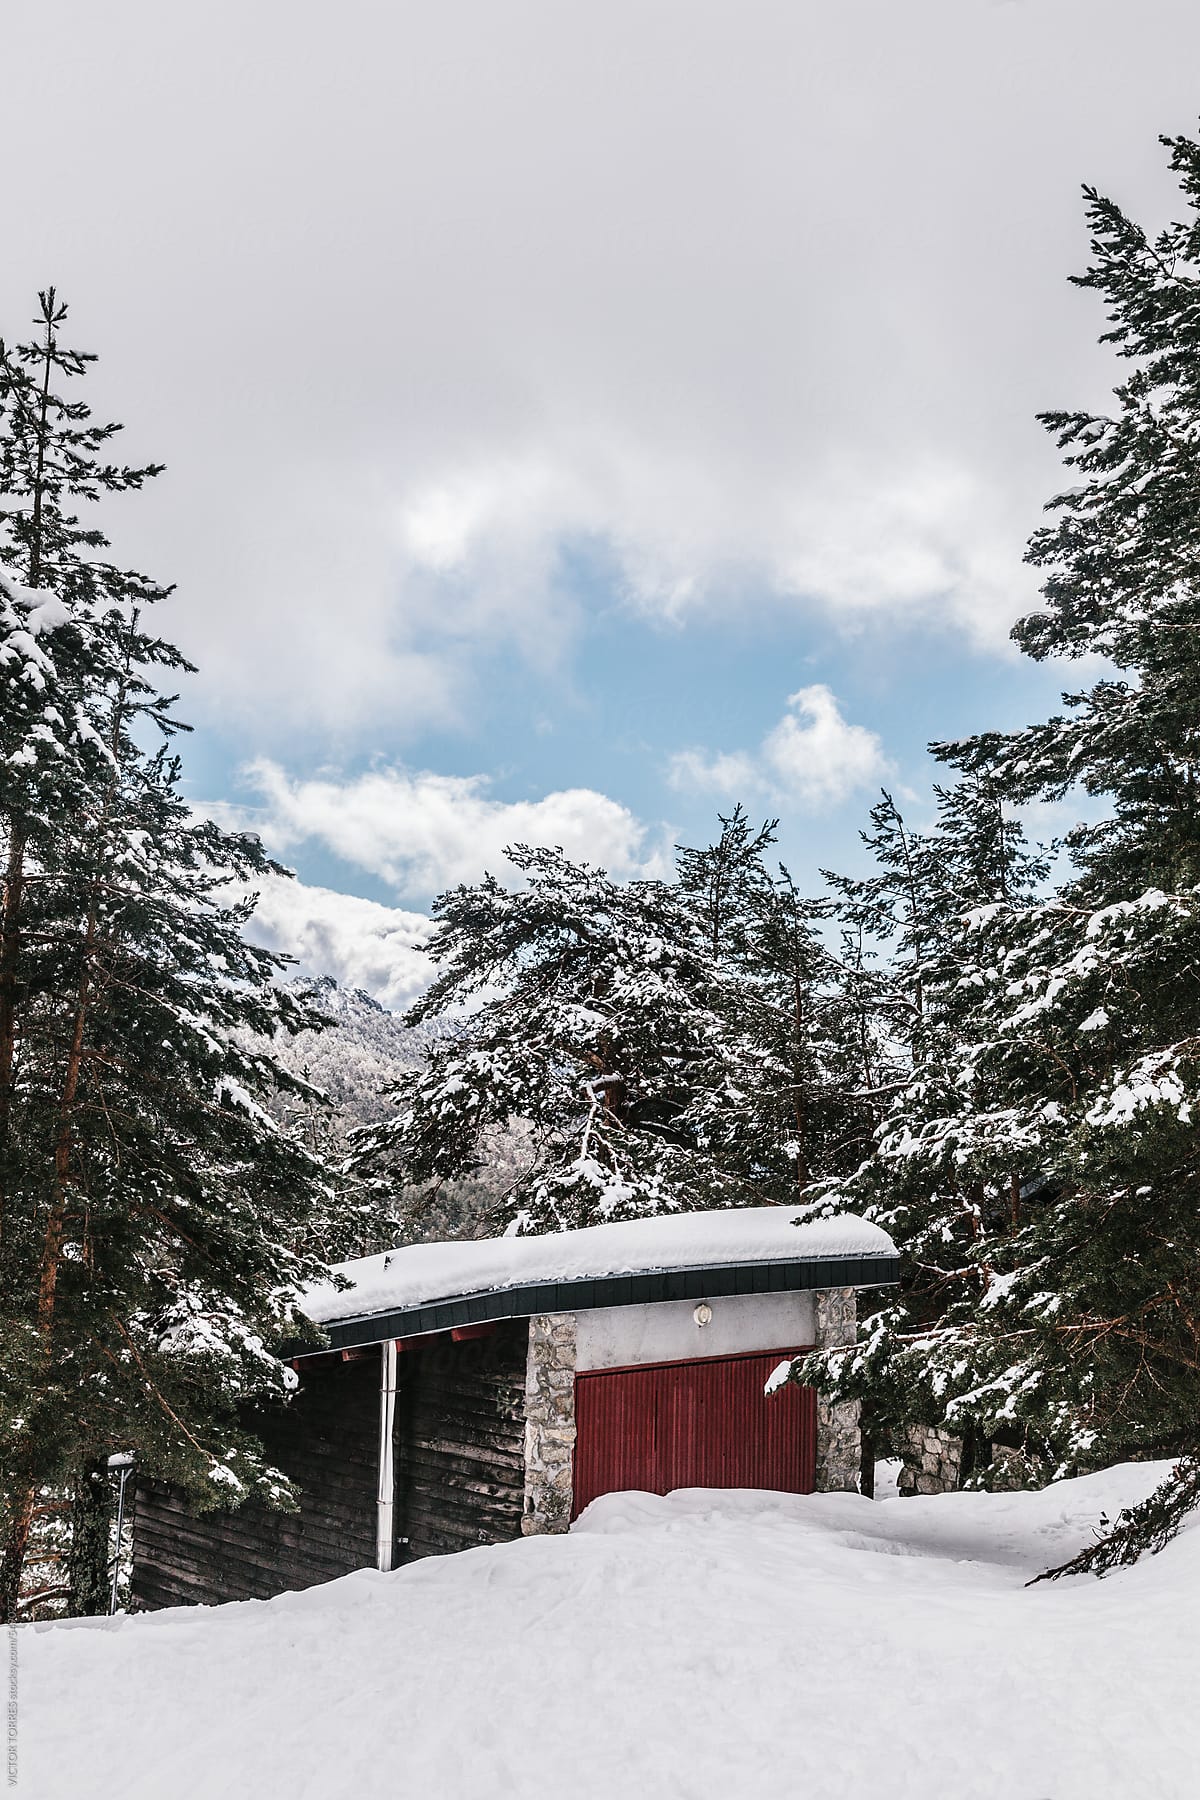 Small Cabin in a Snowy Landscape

==*==

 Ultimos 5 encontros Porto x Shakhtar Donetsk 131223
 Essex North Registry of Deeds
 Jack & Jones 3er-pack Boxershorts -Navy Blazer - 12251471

==*==

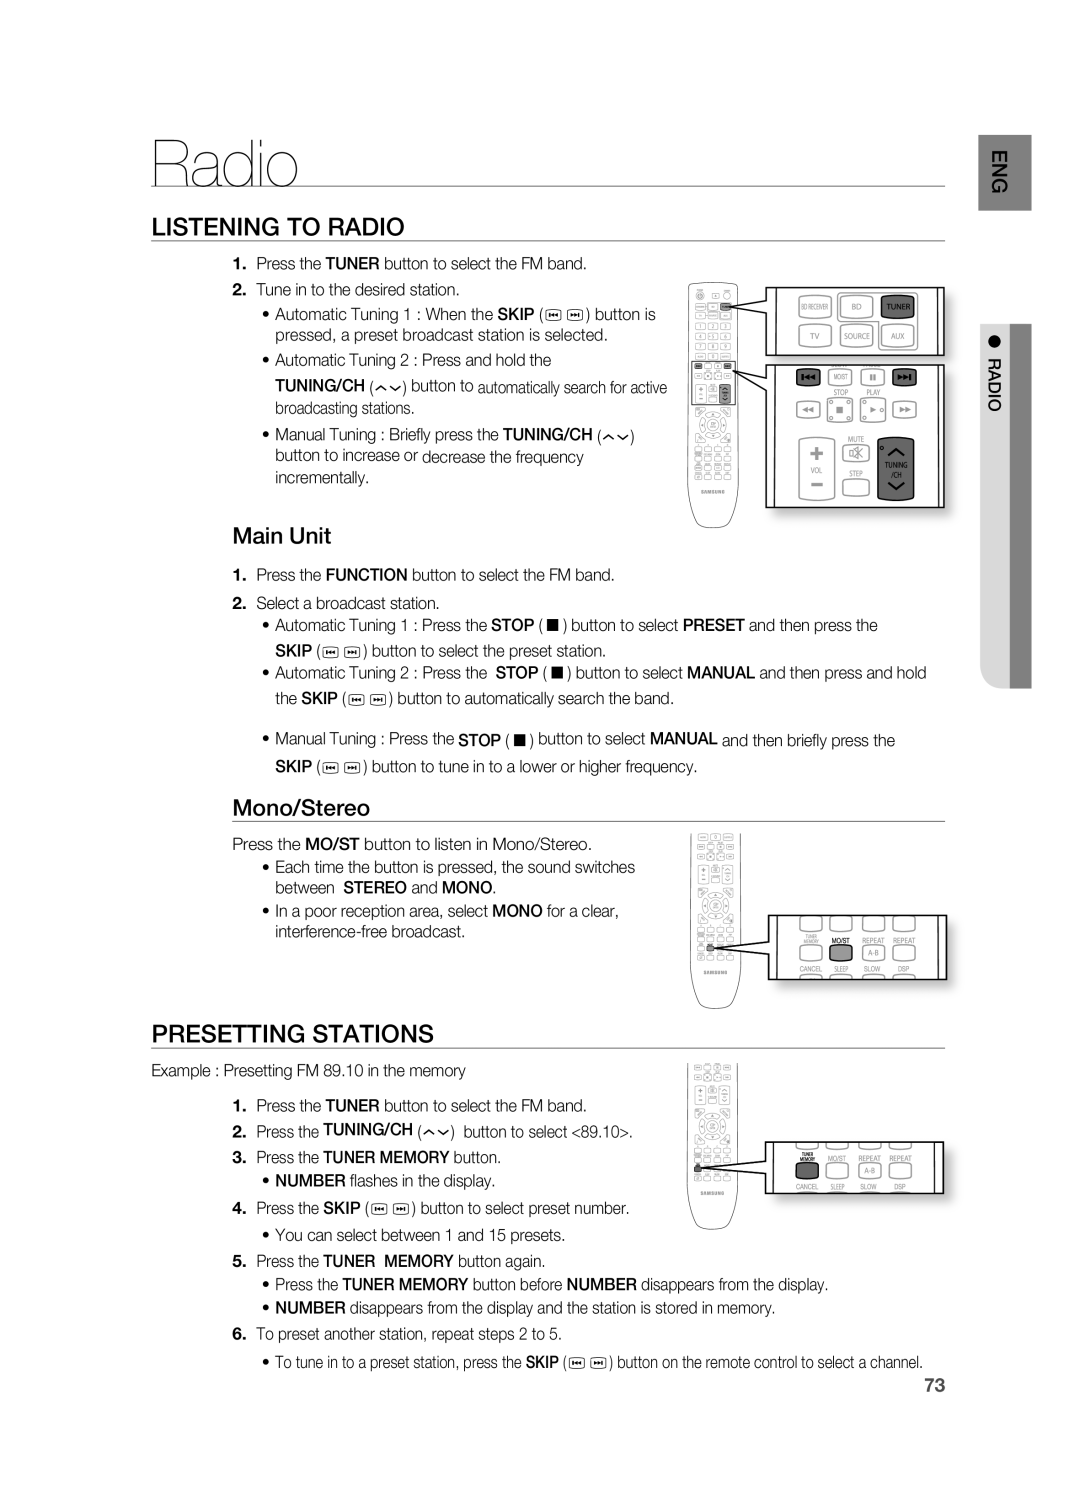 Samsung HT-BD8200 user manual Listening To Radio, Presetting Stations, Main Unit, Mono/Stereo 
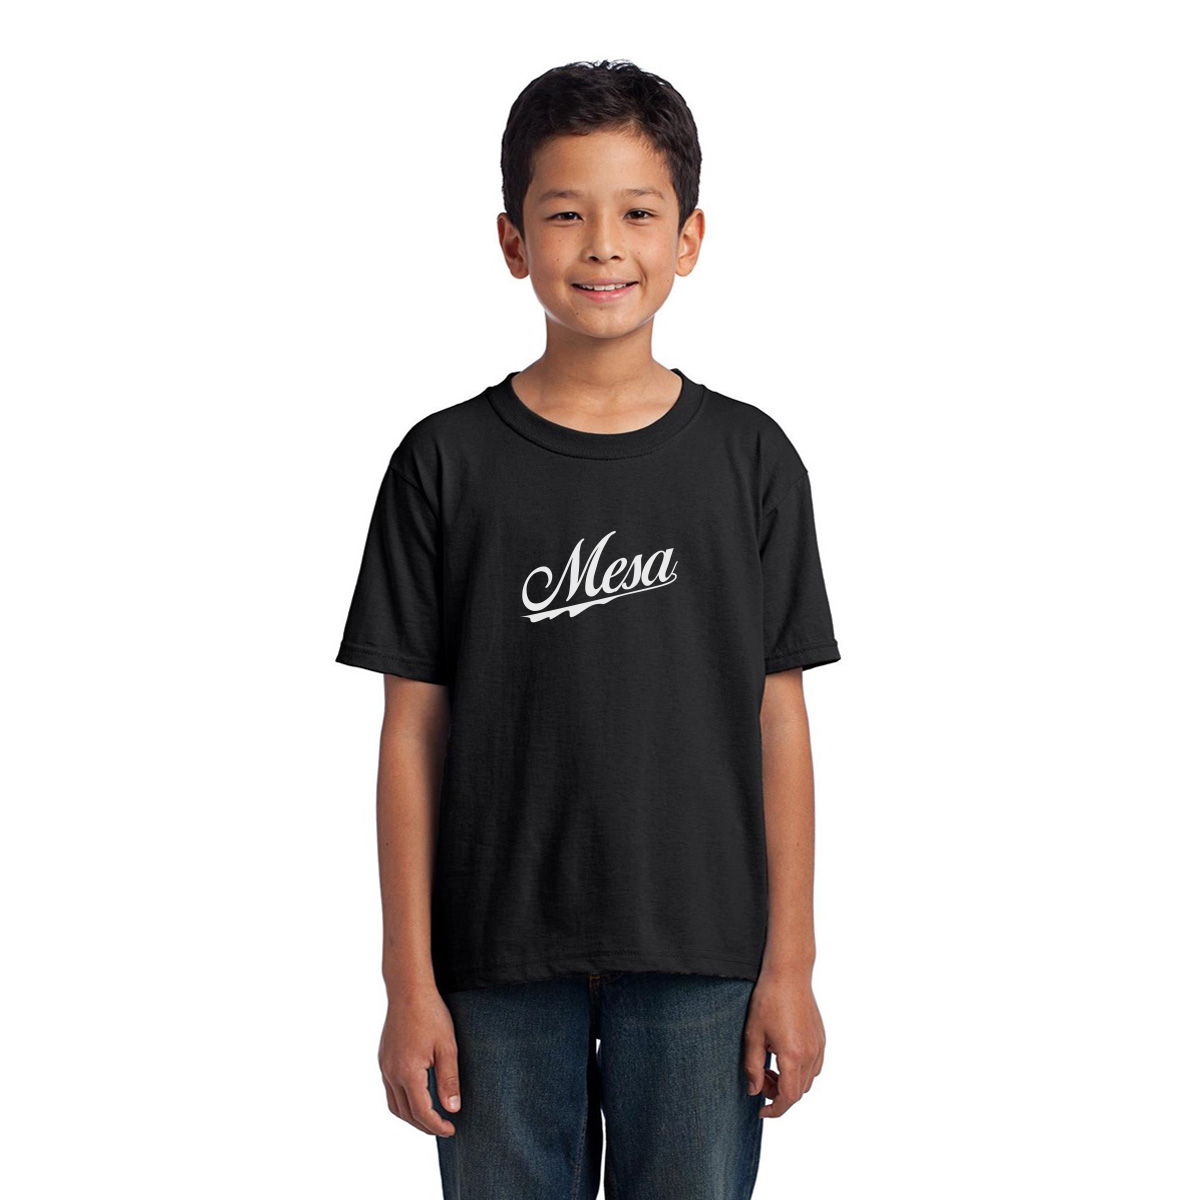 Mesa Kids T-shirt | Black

==*==

TASK DETAILS:
In the listing above, start at the line with "Ultimos 5 encontros", go on through the line with "Jack & Jones", and copy each of those lines exactly; leave out all the rest.

RESPONSE BOX:
 Ultimos 5 encontros Porto x Shakhtar Donetsk 131223
 Essex North Registry of Deeds
 Jack & Jones 3er-pack Boxershorts -Navy Blazer - 12251471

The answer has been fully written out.